RAW DATA:
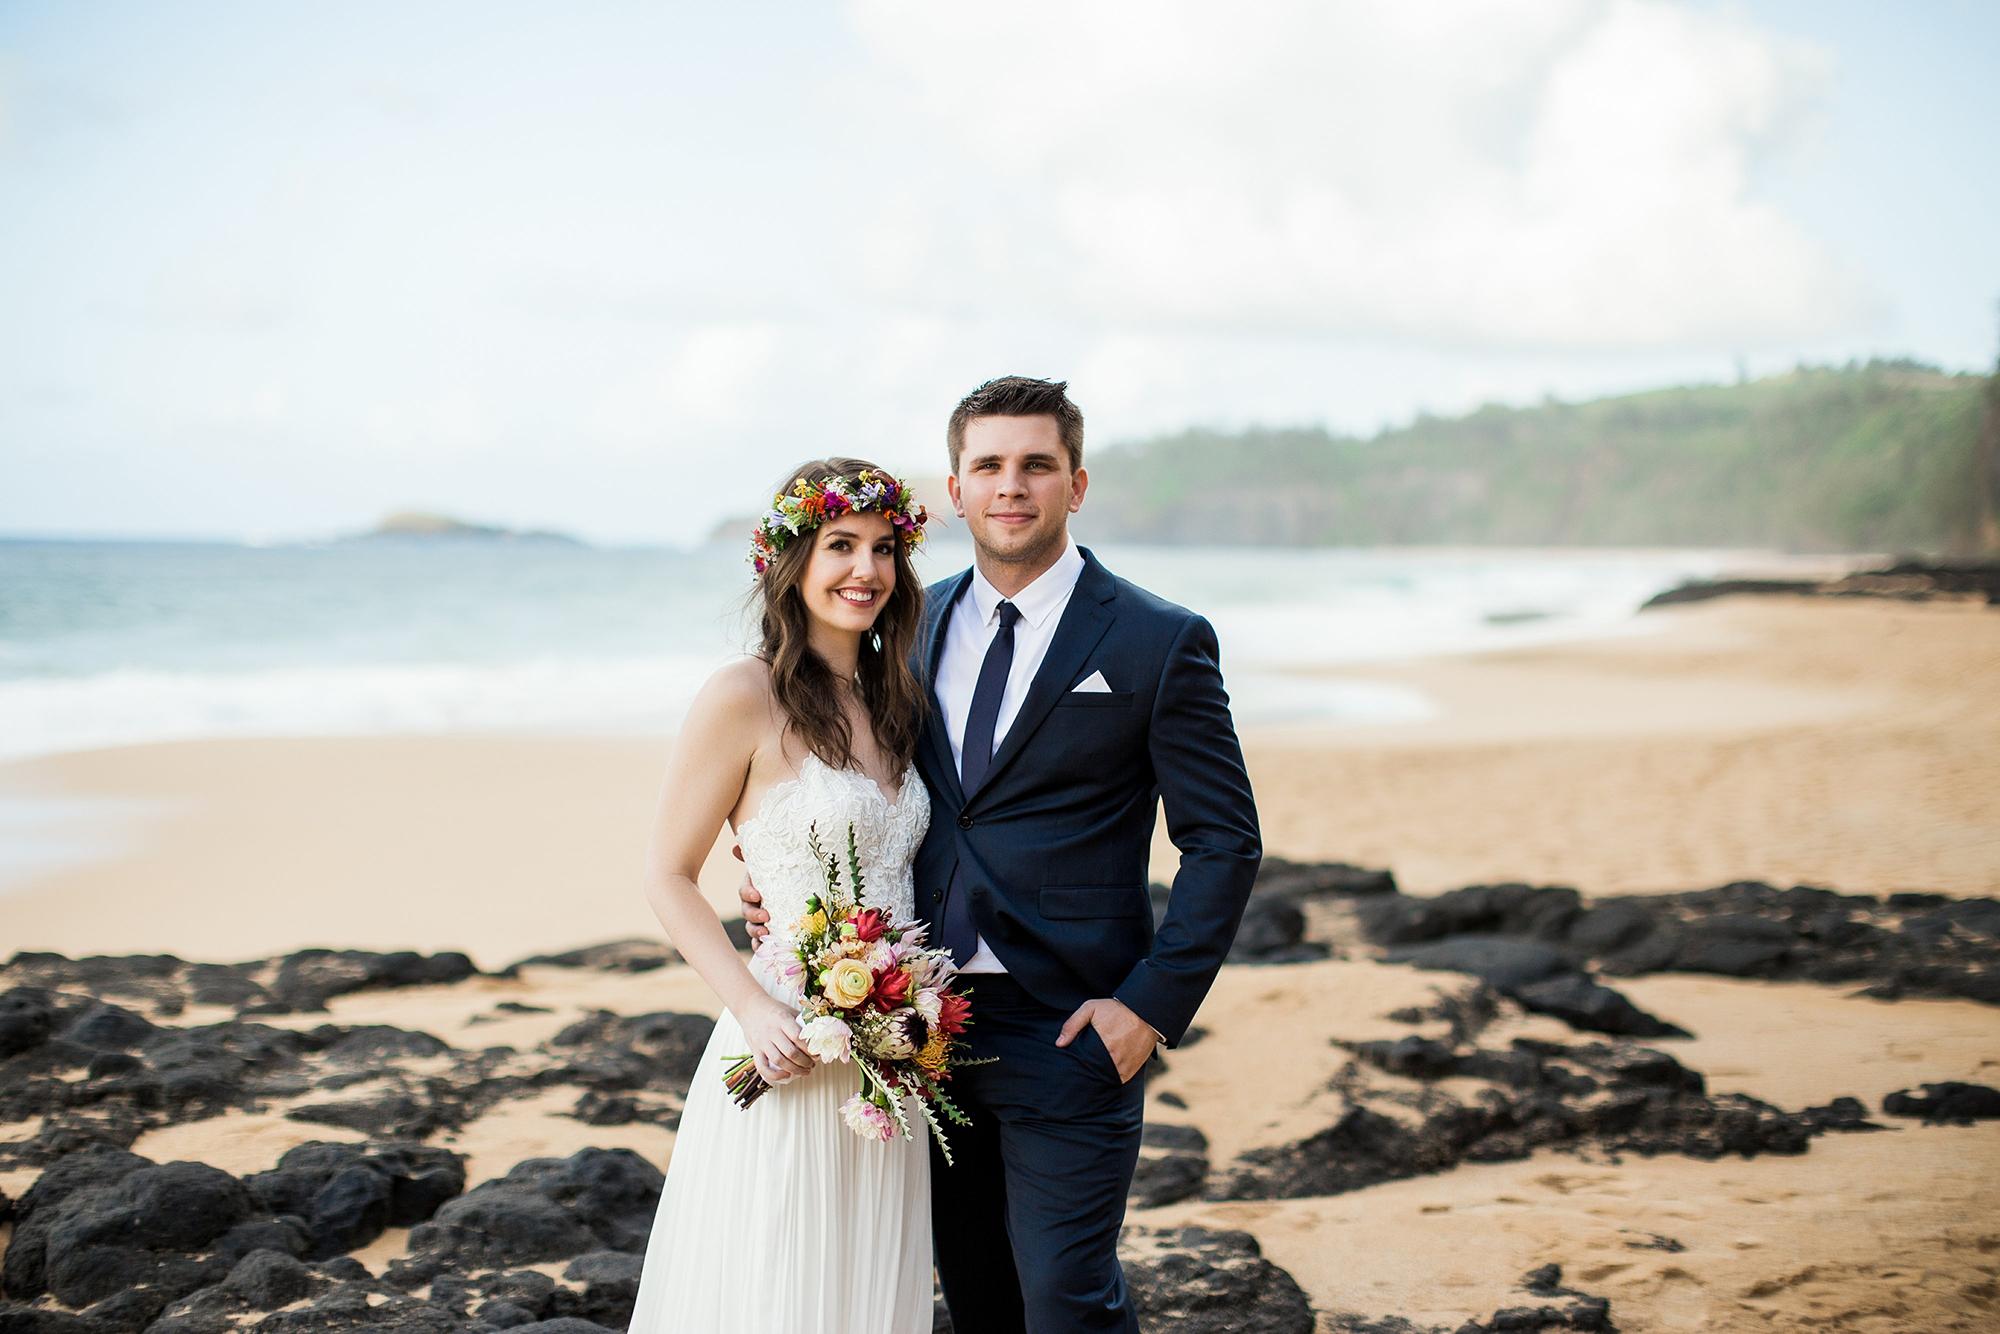 Intimate Elopement on the Beach in Kauai
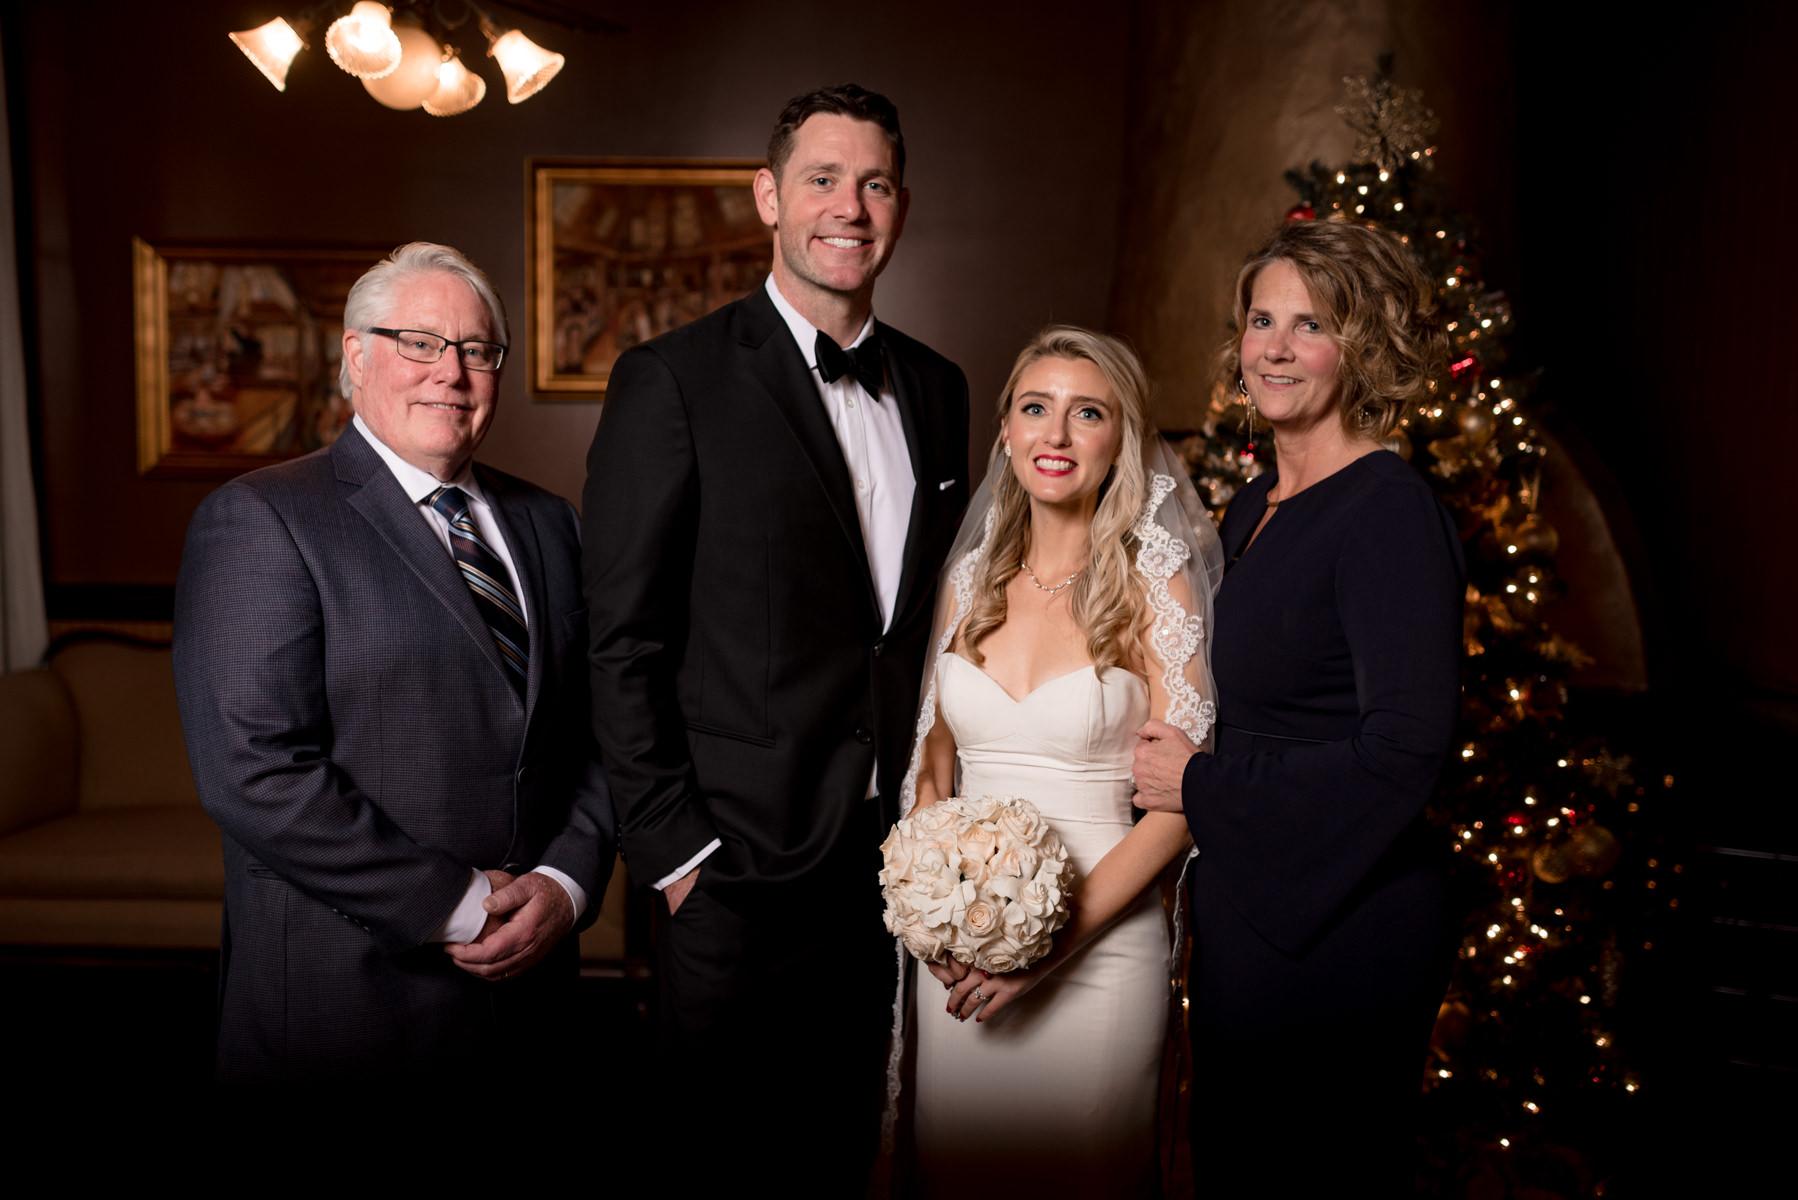 Andrew Tat - Documentary Wedding Photography - Lake Union Cafe - Seattle, Washington -Rachel and Ryan - 25.jpg
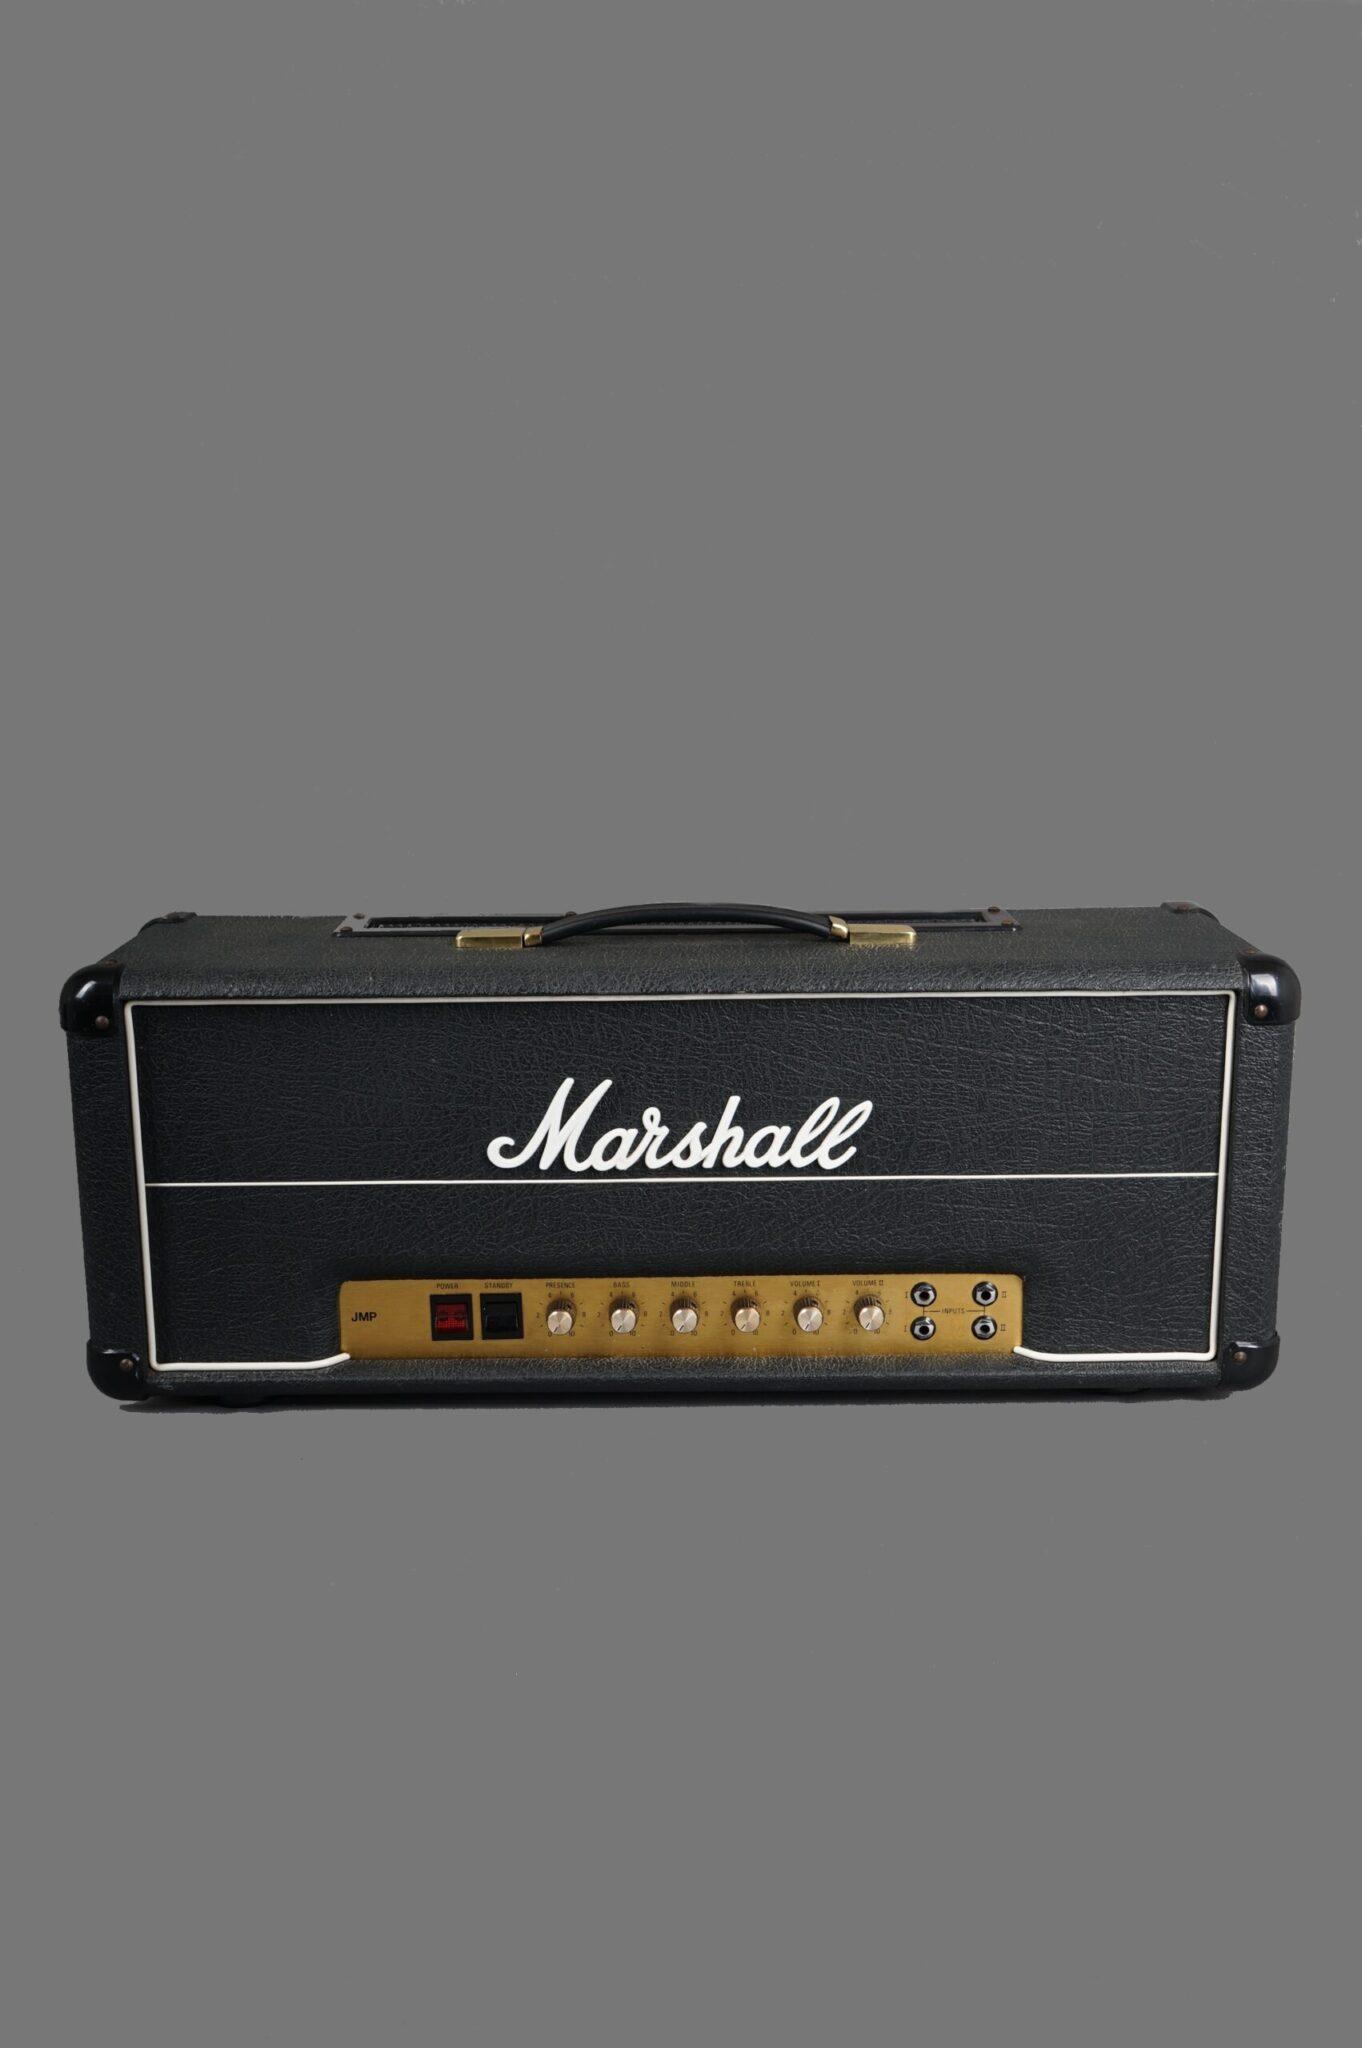 https://guitarpoint.de/app/uploads/products/1976-marshall-1959-super-lead-mkii/1976-Marshall-MK2-Super-Lead-09490J-1-scaled-1362x2048.jpg

DIRECTIONS FOR THIS TASK:
Locate the line containing "Andrew Tat - Documentary" in the material above, then repeat it and every later line exactly, with no pictures.

RESULT OF THIS TASK:
 Andrew Tat - Documentary Wedding Photography - Lake Union Cafe - Seattle, Washington -Rachel and Ryan - 25.jpg
 https://guitarpoint.de/app/uploads/products/1976-marshall-1959-super-lead-mkii/1976-Marshall-MK2-Super-Lead-09490J-1-scaled-1362x2048.jpg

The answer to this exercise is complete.